Power Series Solution for Differential Equation of Shifted Exponential Function

Question

I am trying to write a shifted exponential function as a power series. I am aware of the power series definition of the exponential function, i.e. $e^{-x}=\sum_{n=0}^{\infty}\frac{(-x)^{n}}{n!}$. However, for this application, this definition is not as useful for reasons I will not go into detail about.

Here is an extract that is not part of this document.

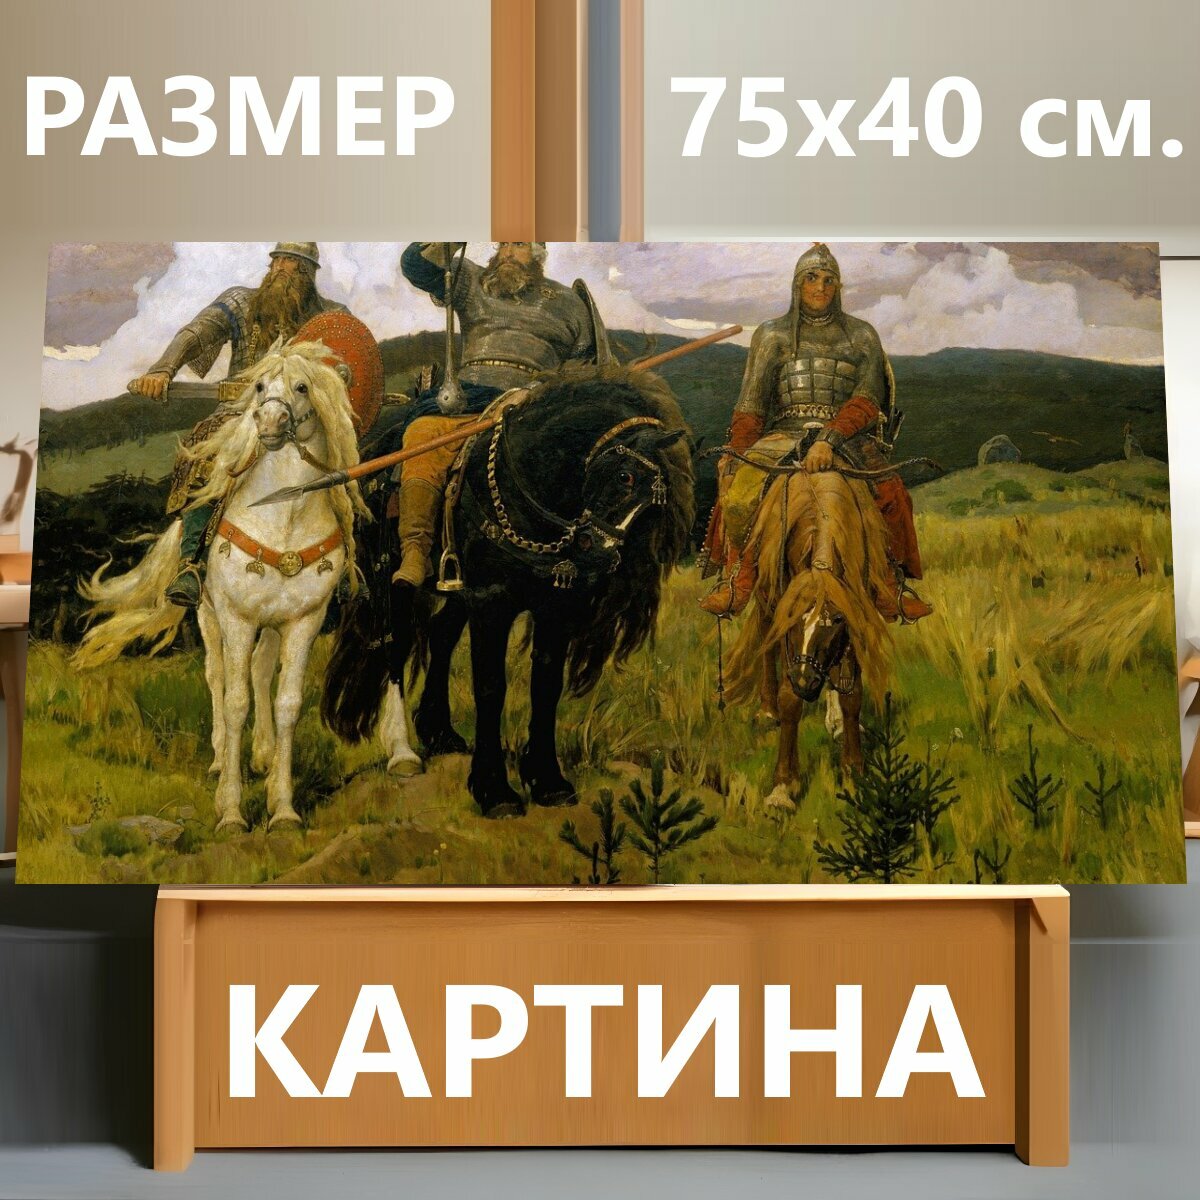 Картина на холсте "Живопись, васнецов виктор михайлович, богатыри" на подрамнике 75х40 см. для интерьера

That said, I want to come up with a power series representation for the following shifted exponential function

\begin{equation} y = e^{-a(gx-b)^{2}} \end{equation}

The following is what I have done...

Taking the derivative of $y$ w.r.t. $x$ allows for the following differential equation to be derived.

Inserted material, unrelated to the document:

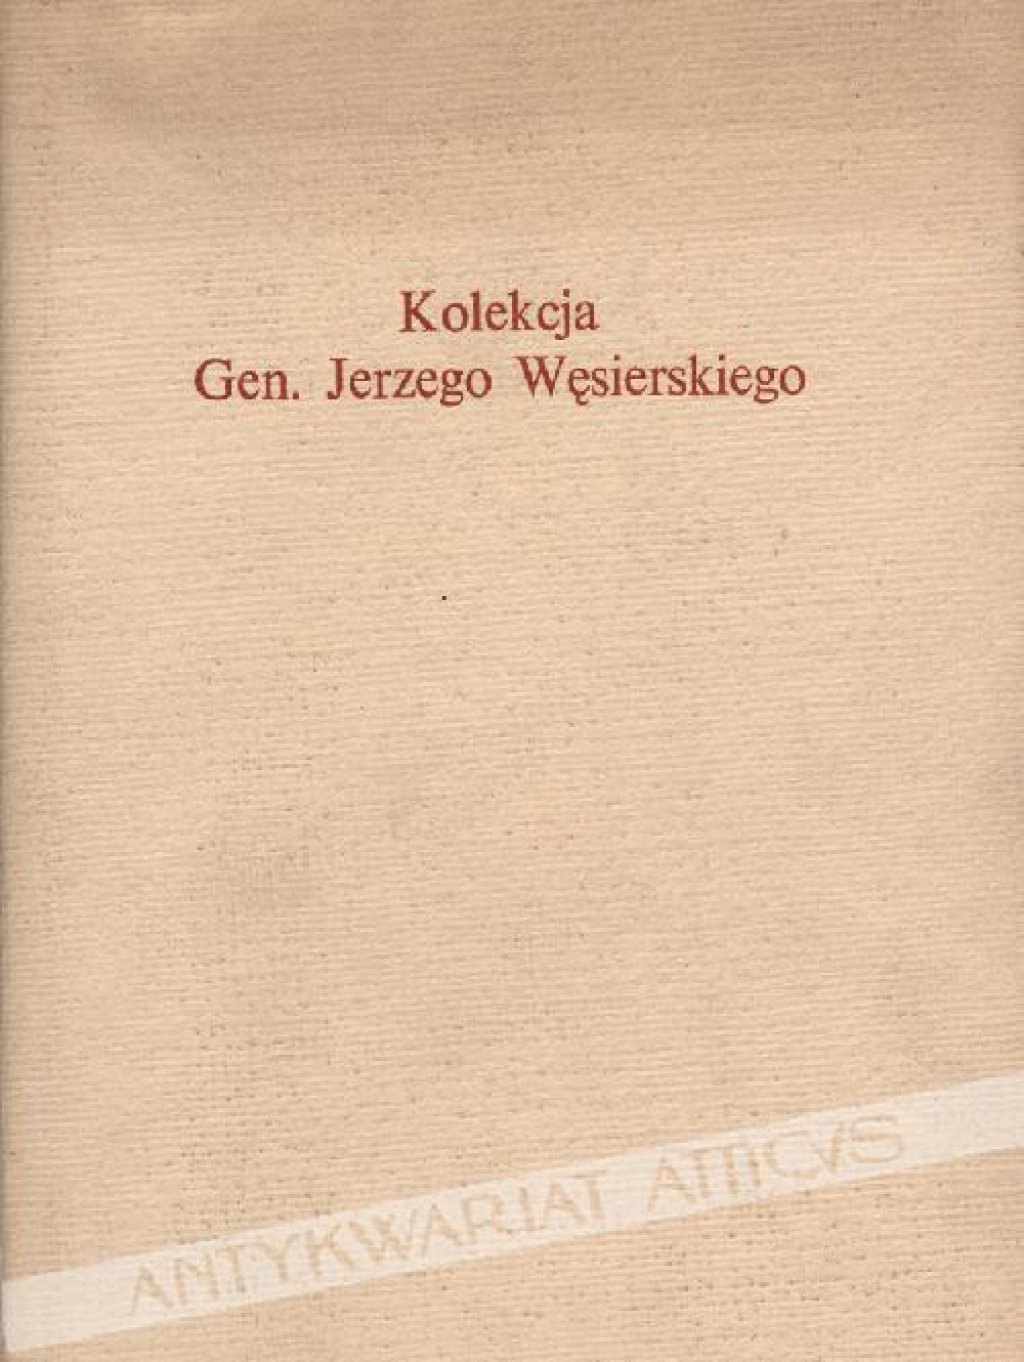 Kolekcja Gen. Jerzego Węsierskiego. Katalog monet i medali

\begin{equation} y'+2ag(gx-b)y = 0 \end{equation}

Setting this up as a power series gives

\begin{equation} \begin{aligned} 0 &=\sum_{n=1}^{\infty} n \,c_{n}(gx-b)^{n-1}+2ag\sum_{n=0}^{\infty}c_{n}(gx-b)^{n+1}\\ &=\sum_{n=0}^{\infty} (n+1) \,c_{n+1}(gx-b)^{n}+2ag\sum_{n=1}^{\infty}c_{n-1}(gx-b)^{n}\\ &=c_{1}+\sum_{n=1}^{\infty}\left((n+1) \,c_{n+1}+2ag\,c_{n-1}\right)(gx-b)^{n} \end{aligned} \end{equation}

Setting the coefficients equal to zero gives a solution for $c_{1}$ and a recurrence relation

\begin{equation} \begin{aligned} c_{1}=0 & \quad\quad\text{for} \ n=0\\ c_{n+1} =-\frac{2ag}{(n+1)}c_{n-1} & \quad\quad\text{for} \ n=1,2,3,\dots \end{aligned} \end{equation}

If I start plugging values for $n$ into the recurrence equation I get

\begin{equation} \begin{aligned} n=1\to\quad &c_{2}=-\frac{2ag}{(2)}c_{0} &&\\ n=2\to\quad &c_{3}=-\frac{2ag}{(3)}c_{1} &&=0\\ n=3\to\quad &c_{4}=-\frac{2ag}{(4)}c_{2} &&=\frac{(2ag)^{2}}{(4)(2)}c_{0}\\ n=4\to\quad &c_{5}=-\frac{2ag}{(5)}c_{3} &&=0\\ n=5\to\quad &c_{6}=-\frac{2ag}{(6)}c_{4} &&=-\frac{(2ag)^{3}}{(6)(4)(2)}c_{0}\\ \end{aligned} \end{equation}

This recurrence relation can be solved to be

\begin{equation} c_{2k}=\frac{(-2ag)^{k}}{(2k)!!}c_{0} \quad \text{for} \ k=1,2,3,\dots \end{equation}

which gives a power series solution for the shifted exponential

\begin{equation} e^{-a(gx-b)^{2}} = c_{0}\sum_{k=1}^{\infty}\frac{(-2ag)^{k}}{(2k)!!}(gx-b)^{k} \end{equation}

Here is my question: How do I solve for $c_{0}$? Sorry if this is a simple question but I couldn't figure it out.

Answer 1

If your solution is a power series, then you can solve for $c_0$ with the initial value of your ODE. Typically, $c_0 = y(0)$ if your series is built about $x=0$. So if that is the case then $c_0=y(0)=e^{-ab^2}$

Answer 2

Plug in $x=\frac{b+\frac{1}{2a}}{g}$ in the two sides of the last equation you get: $$e^{-\frac{1}{4a}} =c_0 \cdot\sum_{k=1}^{\infty}\frac{1}{k!!}$$ Mathematica gives the value $\frac{1}{2} \left[-2 + 2 \sqrt{e} + \sqrt{2 e \pi} \cdot erf(\frac{1}{\sqrt{2}}) \right]$ for the series on the RHS, which gives a very weird value for $c_0$.